Originally Posted by *dogmom327* 
It's funny how for some people parenting is so inconvenient.

yeah, kind of makes you wonder why they just didn't get a pet rock or something.

whoever said kids were going to be easy?


----------



## sapphire_chan (May 2, 2005)

Quote:


Originally Posted by *dogmom327* 
It's funny how for some people parenting is so inconvenient.

Well, duh. Of course it's inconvenient for them, they refuse to consider co-sleeping.









I know that separate beds works better for some families, but I think that really has to be a deliberate decision after carefully considering the specific family dynamics.


----------



## readytobedone (Apr 6, 2007)

Quote:


Originally Posted by *sapphire_chan* 
Well, duh. Of course it's inconvenient for them, they refuse to consider co-sleeping.









I know that separate beds works better for some families, but I think that really has to be a deliberate decision after carefully considering the specific family dynamics.

yeah, it works better for some--so i hear









hard for me to imagine it, though. i know for me getting up and down 5-6 times a night would be out of the question. it would kill me. i would seriously become an insane maniac before dying of exhaustion.

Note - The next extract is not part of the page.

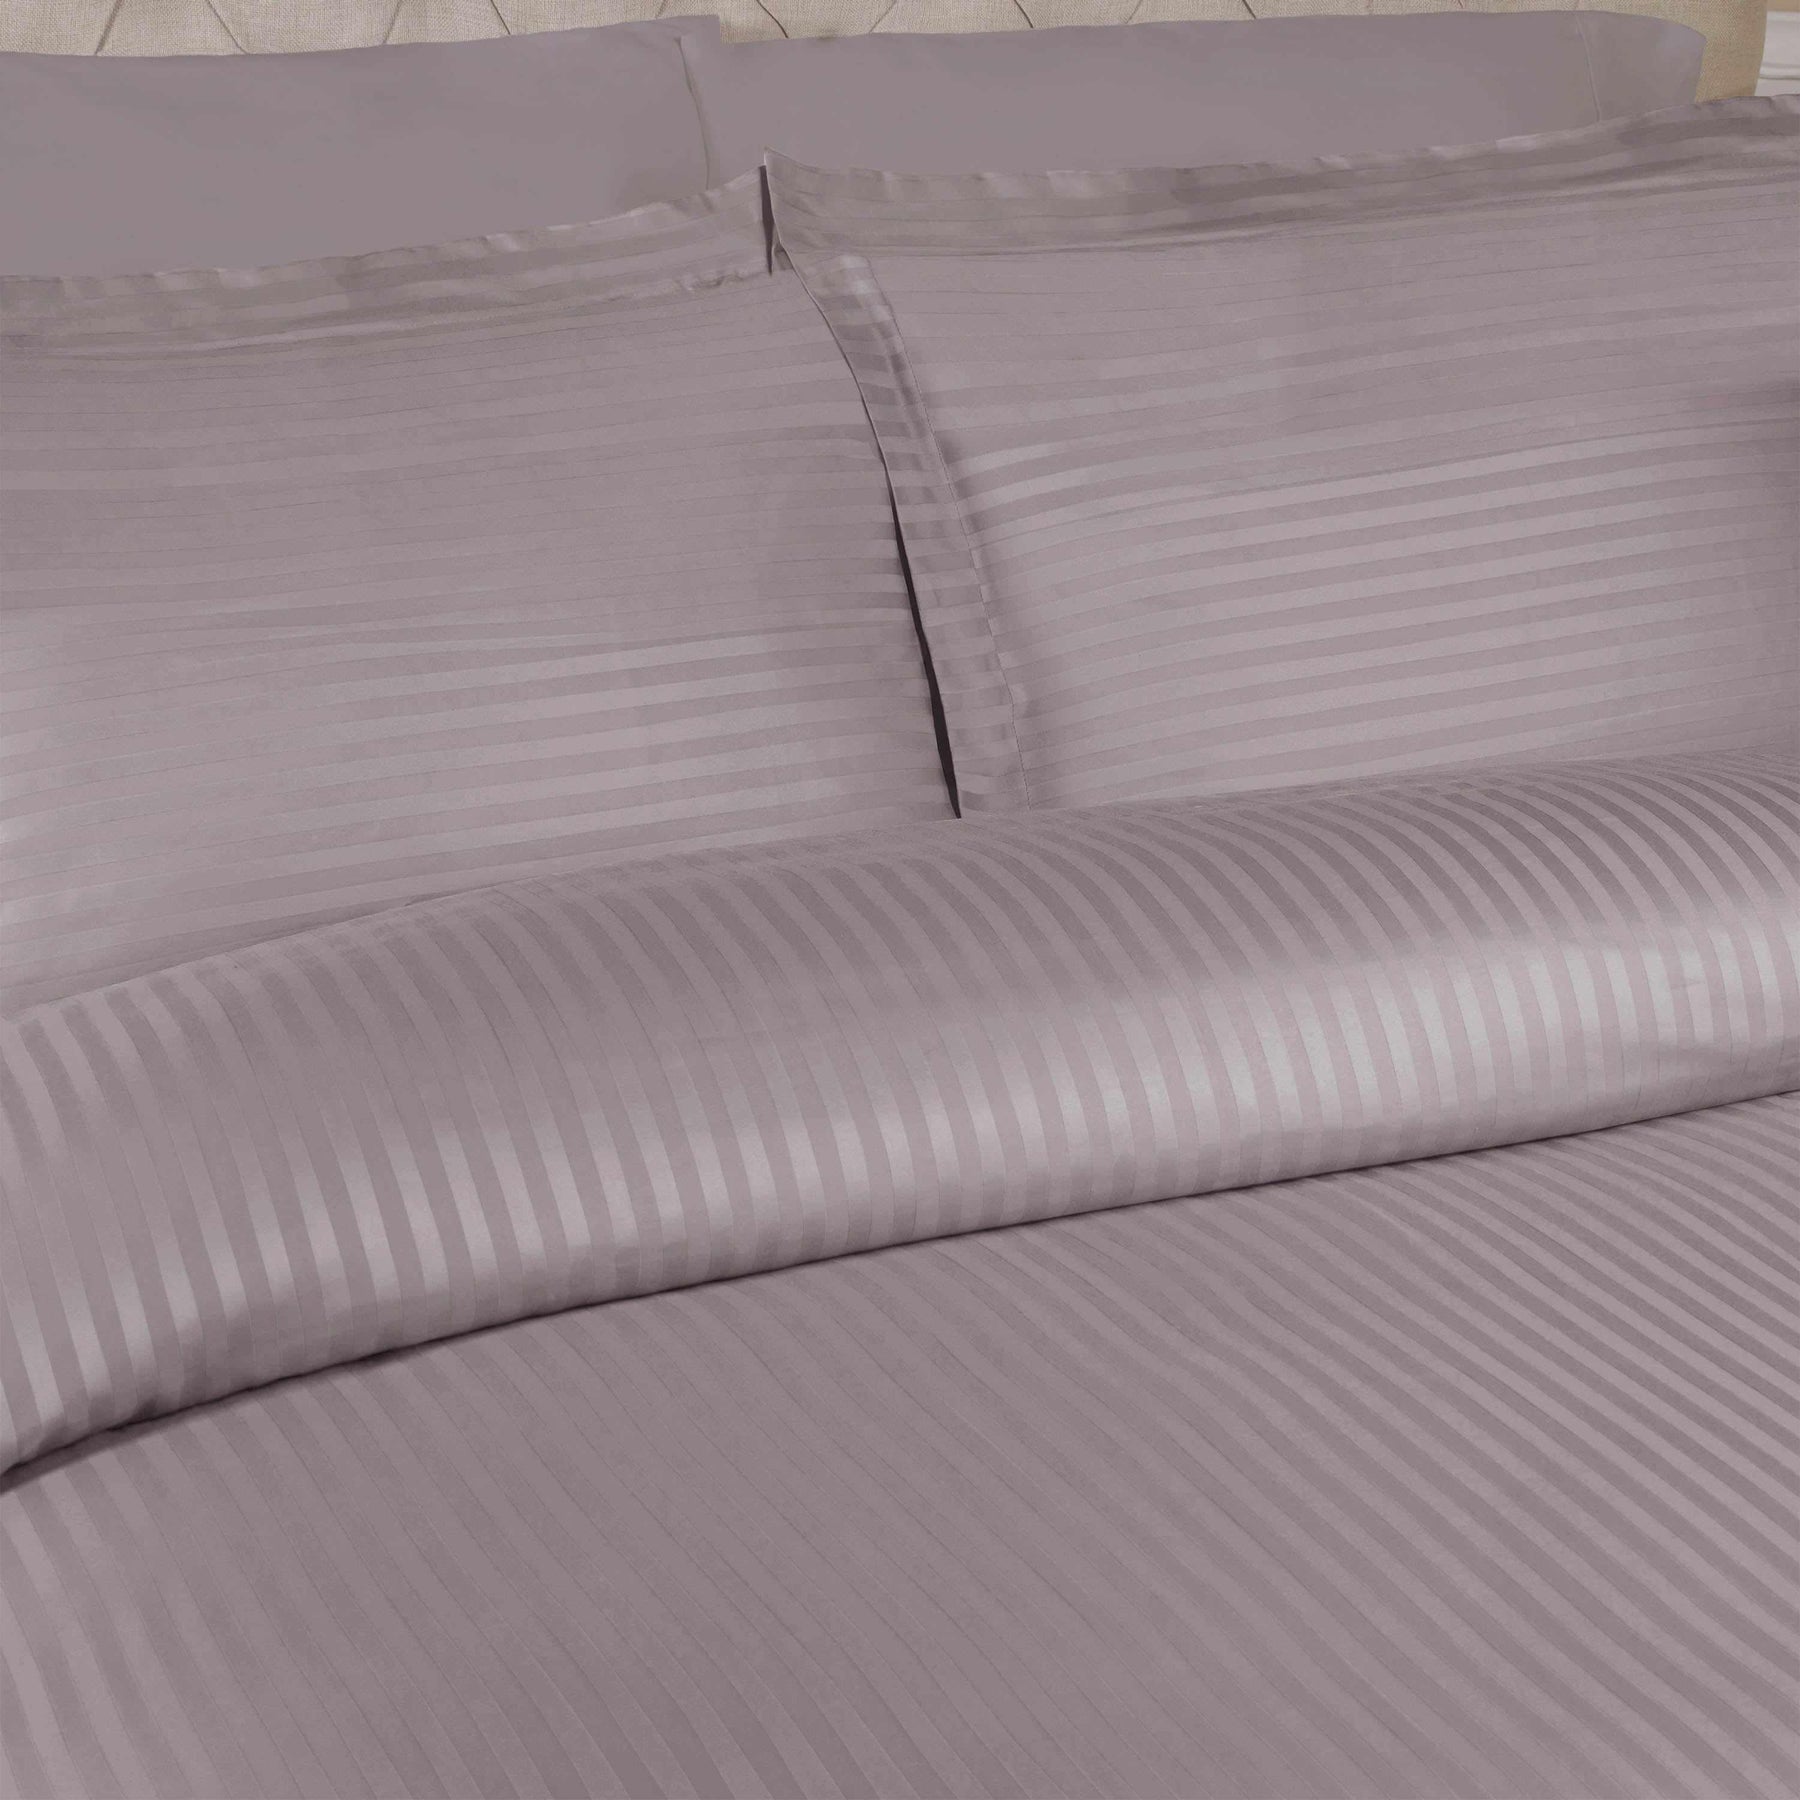 Superior 400 Thread Count Lightweight Stripe Egyptian Cotton Duvet Cover Set - Grey
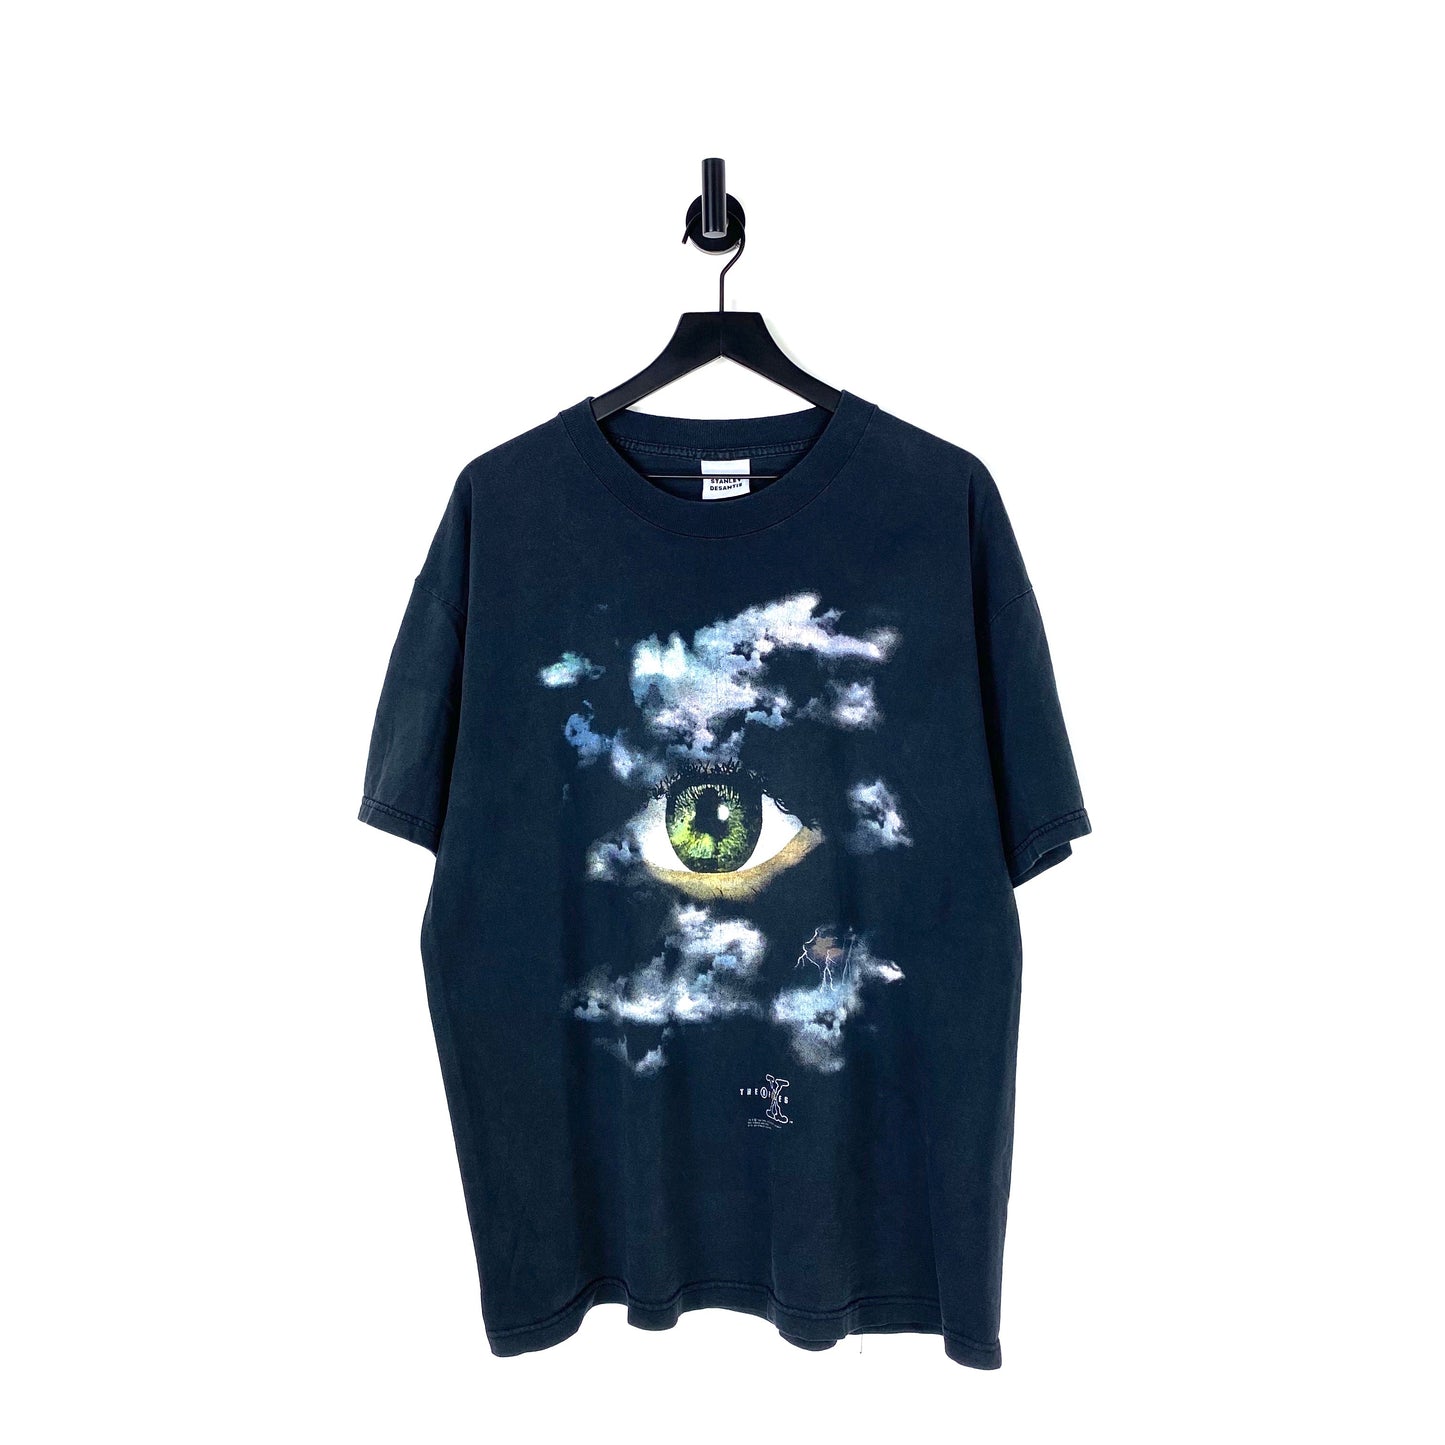 90s The X Files T Shirt - XL

the only way i'd consider NOT co-sleeping would be if the baby slept better out of our bed than in. otherwise, it wouldn't matter what DH thought, or anyone else. i'm the one nursing; they way i sleep best is how we are going to sleep. if DH doesn't like it (which luckily he does), there's always the guest room. or, he can start lactating


----------



## shanniesue2 (Jul 4, 2007)

"The Sanctity of the marital bed"

All hail and worship the place where the man gets laid! Because it's not allowed to be used for anything else.







:


----------



## marie1080 (Aug 5, 2006)

Unbelievable. Seriously, I cannot fathom how someone could buy into that trash


----------



## RTT (Oct 26, 2007)

Quote:


Originally Posted by *shanniesue2* 
"The Sanctity of the marital bed"

All hail and worship the place where the man gets laid! Because it's not allowed to be used for anything else.







:











That just cracked me up.
I'm not even going to read the article because I'm sure it'll bug the crap out of me. These inconvienient children needing our attention!!


----------



## superlori (Nov 28, 2006)

Quote:


Originally Posted by *shanniesue2* 
"The Sanctity of the marital bed"

All hail and worship the place where the man gets laid! Because it's not allowed to be used for anything else.







:

Hmm, well in that case, we better preserve the sanctity of our couch, the floor and the guest bed too! Hehe.


----------



## Honey693 (May 5, 2008)

Quote:


Originally Posted by *shanniesue2* 
"The Sanctity of the marital bed"

All hail and worship the place where the man gets laid! Because it's not allowed to be used for anything else.







:

So if I listen to this then basically there's no spot in my house or car that can be used


----------



## MusicianDad (Jun 24, 2008)

Quote:


Originally Posted by *Crystal_R* 
So if I listen to this then basically there's no spot in my house or car that can be used









I'm with you on that one.









I guess our dd has sleep and boundary issues since she's still allowed to come and sleep in the 'marital bed'.


----------



## sapphire_chan (May 2, 2005)

Quote:


Originally Posted by *shanniesue2* 
"The Sanctity of the marital bed"

All hail and worship the place where the man gets laid! Because it's not allowed to be used for anything else.







:

Well, if we accept the premise in this song a marital bed is practically a shrine.


----------



## MusicianDad (Jun 24, 2008)

Quote:


Originally Posted by *sapphire_chan* 
Well, if we accept the premise in this song a marital bed is practically a shrine.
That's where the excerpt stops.